Exercise prompt
Down to the last line, set down the material below exactly; skip the pictures.

Supplied material
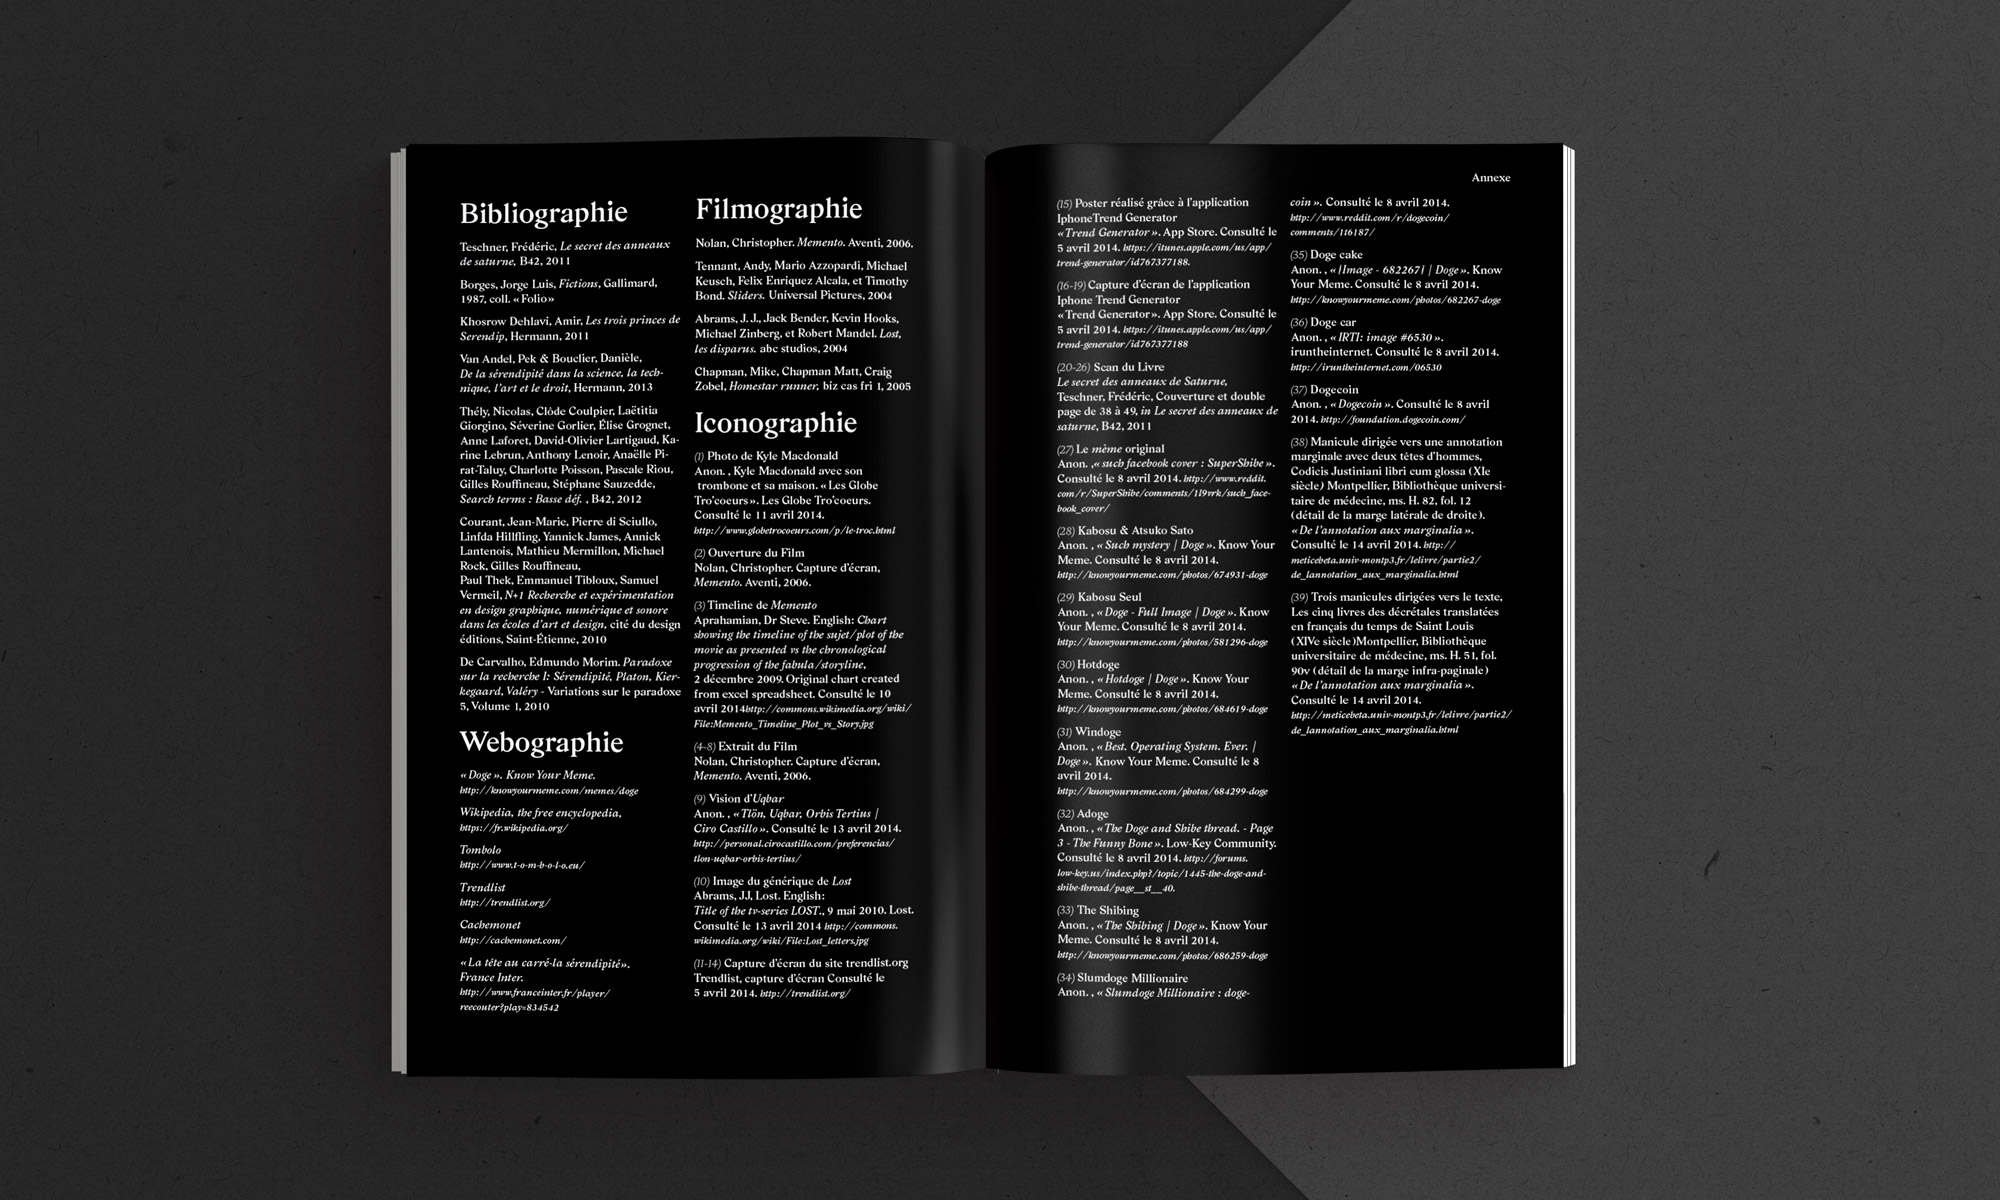 Interieur et mise en page livre Constellations.
Réalisé par Au-delà studio.
Aloïs Ancenay

Written response
 Interieur et mise en page livre Constellations.
Réalisé par Au-delà studio.
Aloïs Ancenay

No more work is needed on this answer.